Easy Summer Recipe: Lemon-Mint Chicken Cutlet With Watercress

Getting tired of the same summer recipes? You’re not alone. After all, summer is a time when cooking can feel particularly like a chore — it’s too hot to be over a stove, you’d rather be outside and ordering out or making the same quick meal is the stress-free option.
While we understand the struggle, we’re here to reassure you that your summer lunches and dinners don’t have to be overcomplicated or redundant to satisfy you. Don’t believe us? Try our founder Dr. Nicholas Perricone’s Lemon-Mint Chicken Cutlets on Watercress to see for yourself.
The Benefits Behind the Recipe
While the light and flavorful lemon-mint chicken is the star of this easy summer meal, the bed of superfood watercress should not be overlooked — it really brings it all together. Plus, as we’ve shared in our other watercress-rich recipes, Dr. Perricone, is a huge proponent of this superfood. Low in calories, it’s an unsung vegetable that provides an excellent source of key nutrients (vitamins A, C and E, folate, calcium and iron) that assist in overall health, including skin, bone, immune, heart, vision and gut health.
Toss Dr. Perricone’s lean protein of choice, chicken, in his go-to lemon-mint dressing and it’s an summer meal you’ll quickly add to your rotation. Bonus: it’s both healthy and refreshingly satisfying.
- 1 ¼ pounds thinly sliced skinless, boneless free-range chicken breasts
- 1 ½ tablespoons grated lemon zest (from 2 lemons)
- 3 tablespoons fresh lemon juice
- 2 tablespoons olive oil
- 2 tablespoons chopped fresh mint, plus extra for garnish
- Salt & coarsely ground black pepper
- 1 bag (4 ounces) watercress, trimmed
- Heat a ridged grill pan over medium-high heat (or prepare an outdoor grill for direct grilling over medium-high heat).

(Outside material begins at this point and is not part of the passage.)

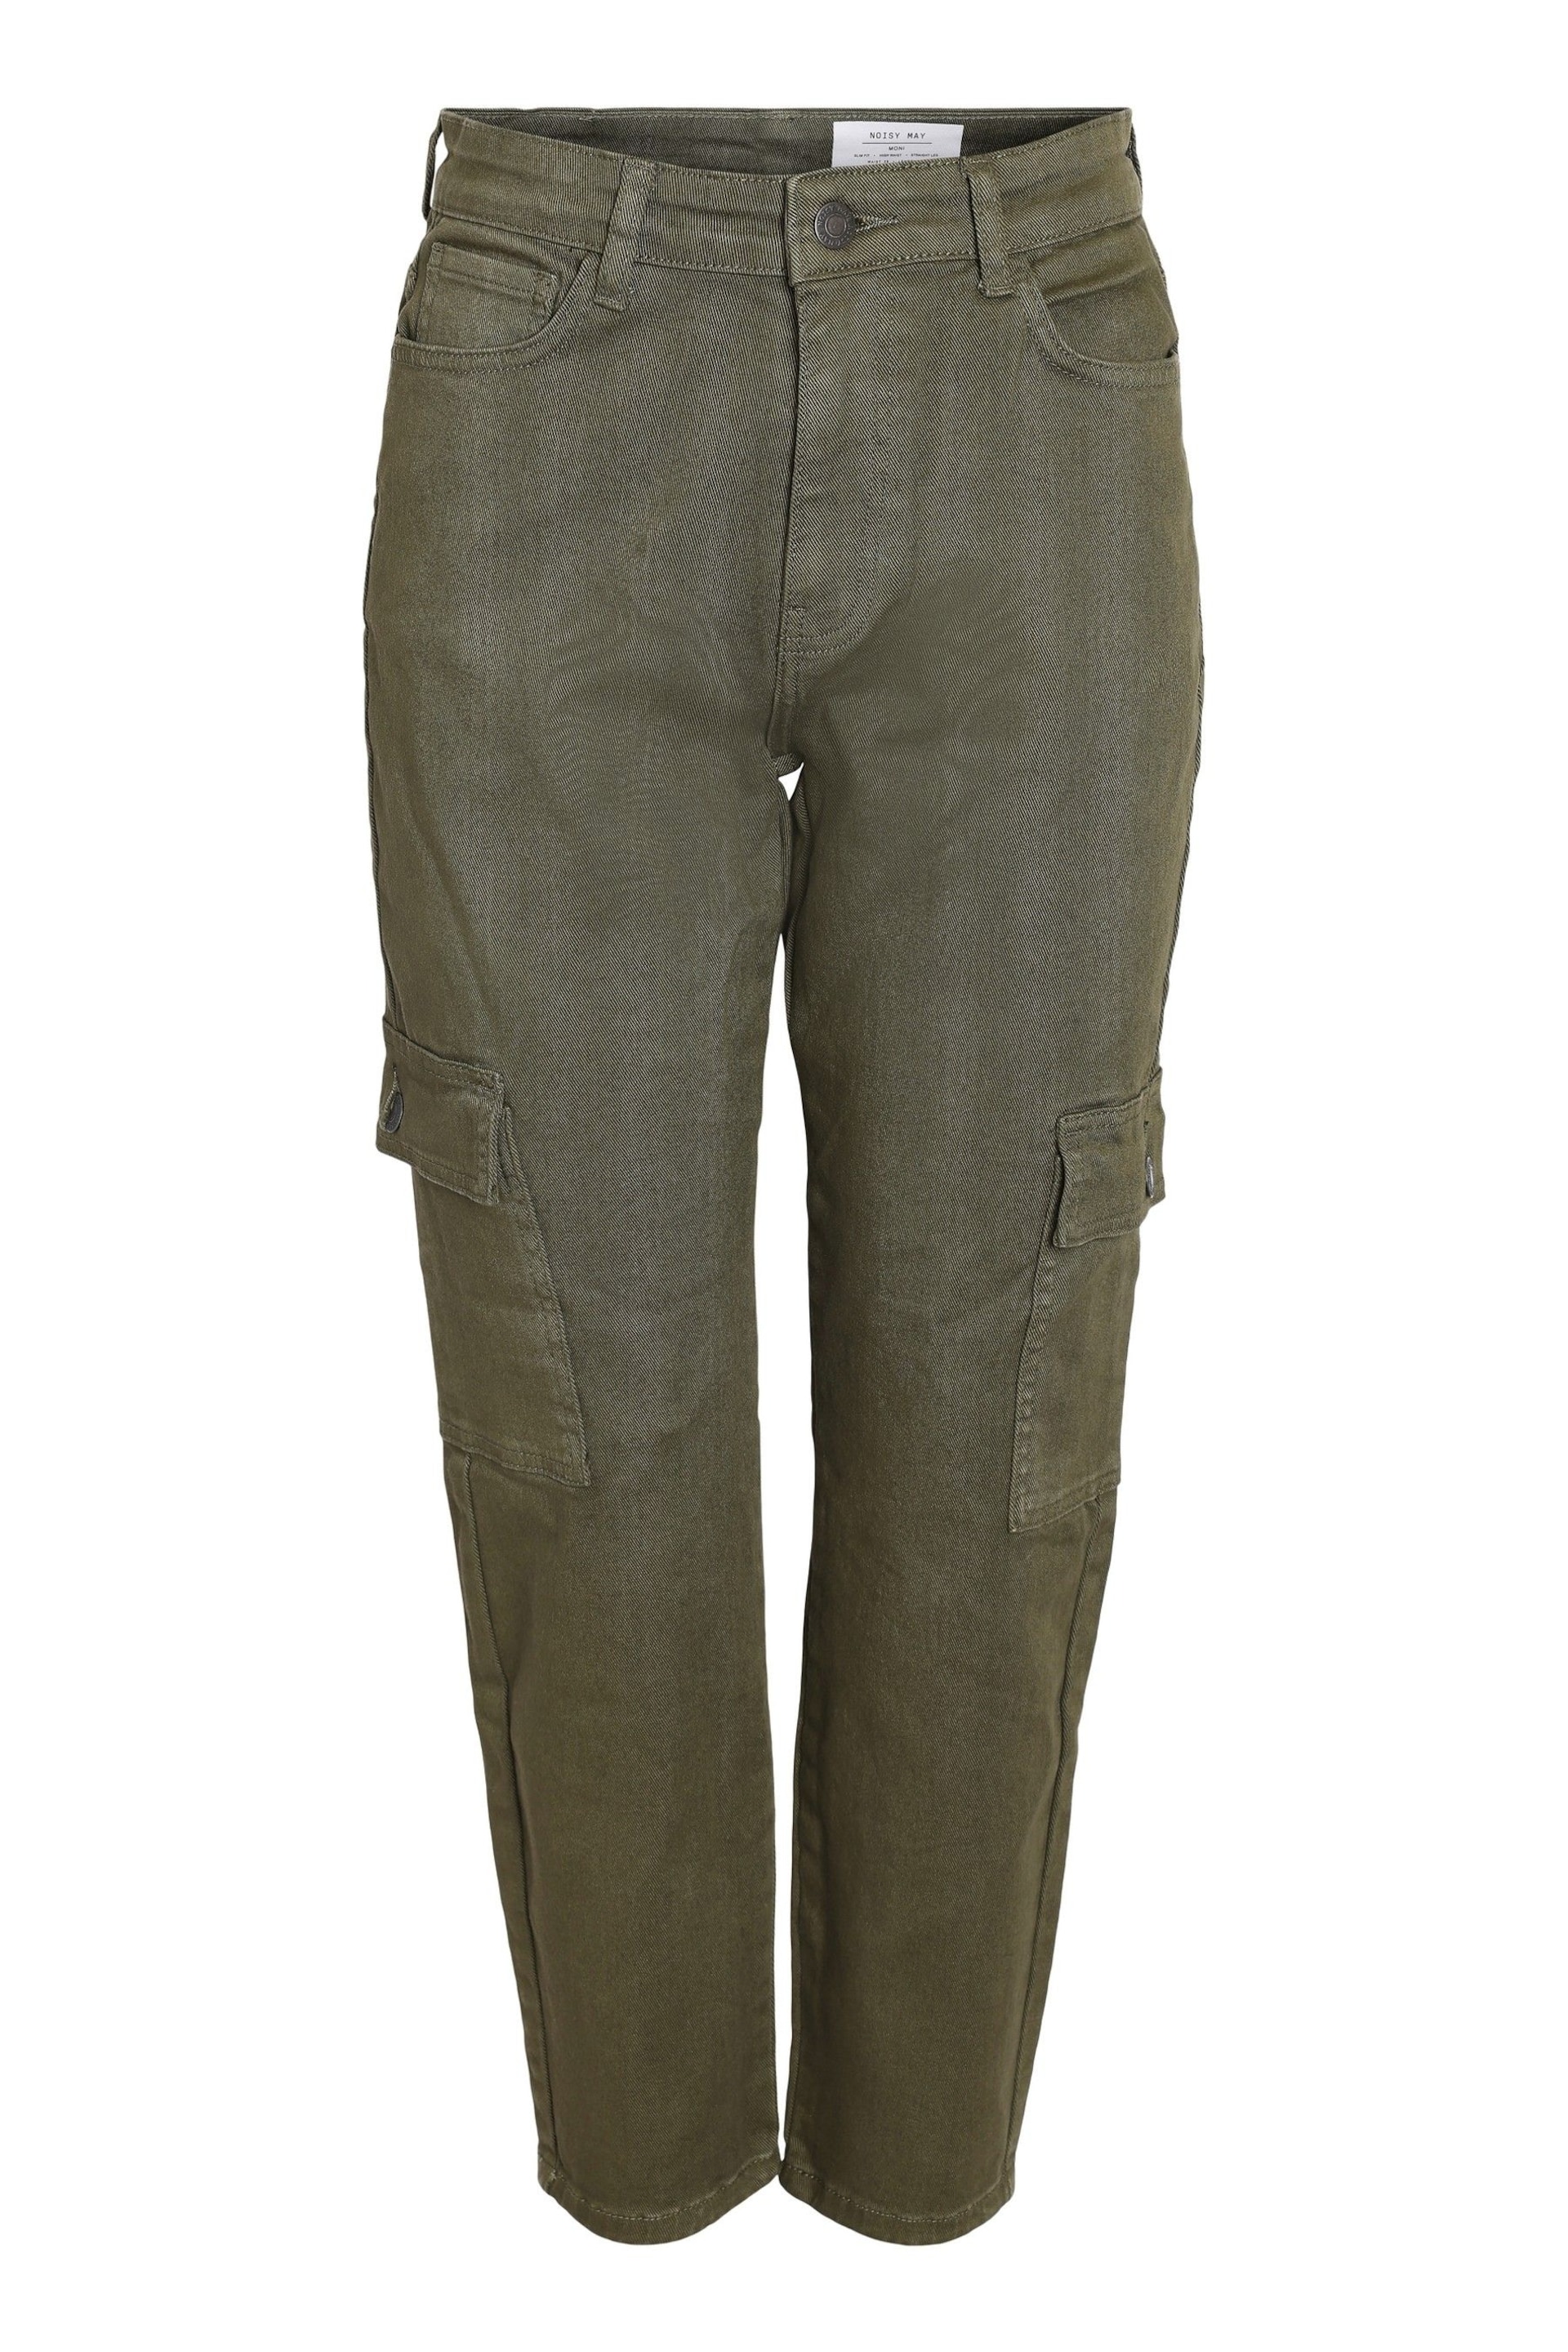 NOISY MAY Natural High Waisted Cargo Straight Leg Jeans - Image 6 of 6

- If necessary, place the chicken between sheets of plastic wrap and pound it to a uniform ¼-inch thickness.
- In a large bowl, whisk the lemon zest, lemon juice, oil, mint, ½ teaspoon salt and ½ teaspoon pepper until the dressing is blended. Reserve ¼ cup of the dressing.
- Toss the chicken cutlets with the remaining dressing. Place the chicken on the grill pan (or outdoor grill) and cook, turning them over once, for 4 to 5 minutes.
- To serve, toss the watercress with the reserved dressing and divide it among 3 or 4 plates. Top with the chicken and garnish with chopped mint.